On the other hand, if I had to chose only one event in the wars we had to witness it is the rape of women in Bosnia and in Croatia. Between 1992 and 1993 first in Zagreb and then in Zenica, Tuzla in Bosnia I had to listen to raped women who approached me out of their need to speak. When I was back in Bologna, for months on end I could not speak, I would not repeat what these women had told me. When I finally found the voice to tell their stories, I knew that I had to speak about the unspeakabl; that I had to face the postmodern image of the female body that has led to the creation of concentration camps for women with the purpose of raping women with the intent of fertilizing them. It would be preposterous to interpret this monstrous form of po pulation politics as an old form of ethnic violence in 20th century dress.
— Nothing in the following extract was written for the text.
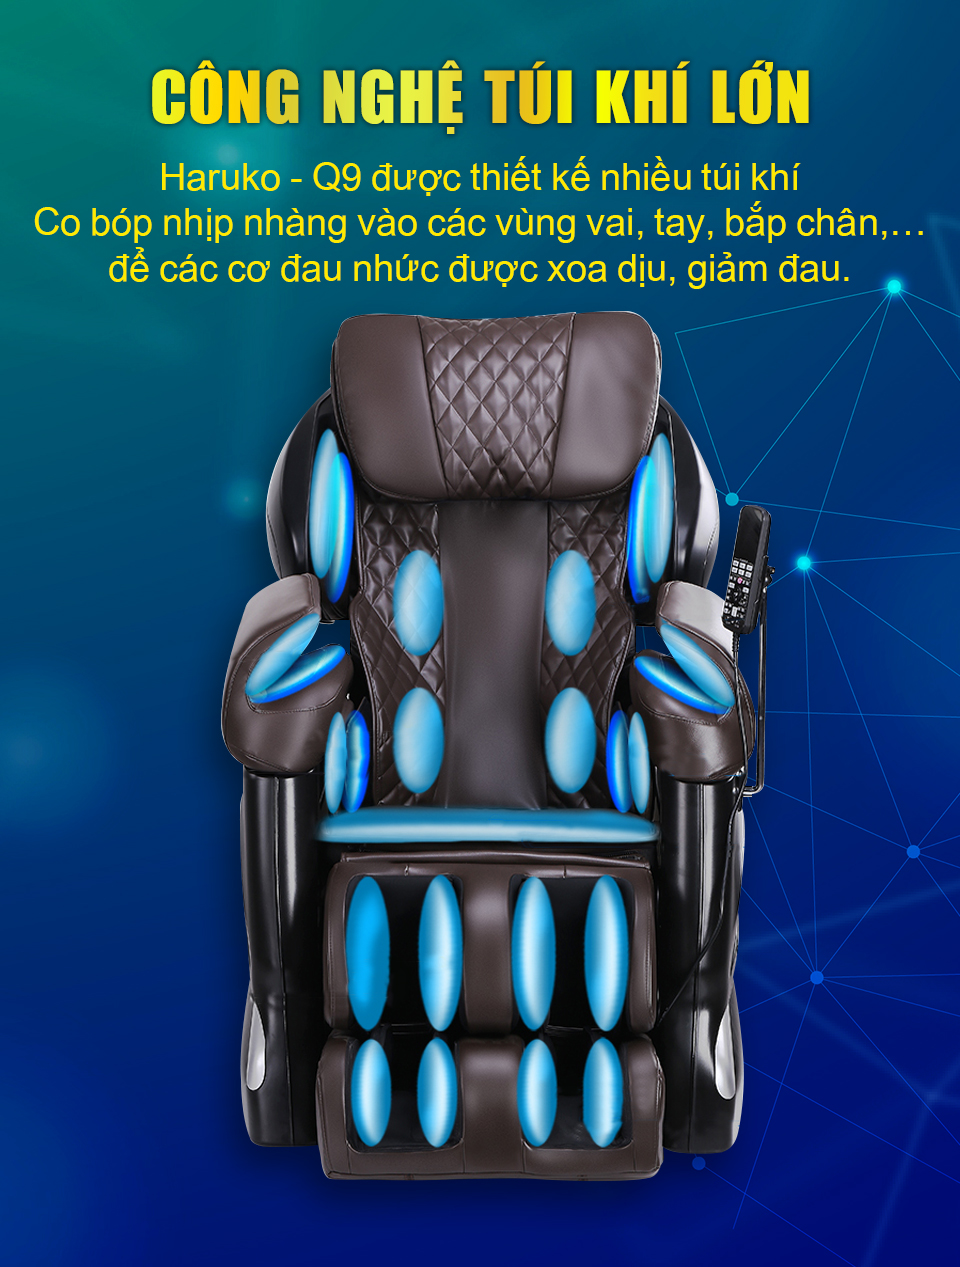 Công nghệ túi khí trên ghế massage

However our entire commitment to the presence of women in the city would be vacuous talk if we were not to resist the manyfold which we are exposed to the loss of the body for which many of us are willing to pay a high price.

 

            There is an extraordinary Figure in the greek tragedy: Antigone. When Antigone's brother is condemned by the tyrant to death and he orders that his body be left to rot, she rebels, buries him and mourns. For this obedience to her own compassionate norm, her resistance to the tyrant's command, she is condemned to live henceforth outside the City walls. For most interpreters, including those who are feminist, Antigone cannot fit into the city. In "Orlando" we have tried to imagine how Antigone, in spite of her compassionate wisdom, could find her place within our cities. Our task to mourn and to love lies before us.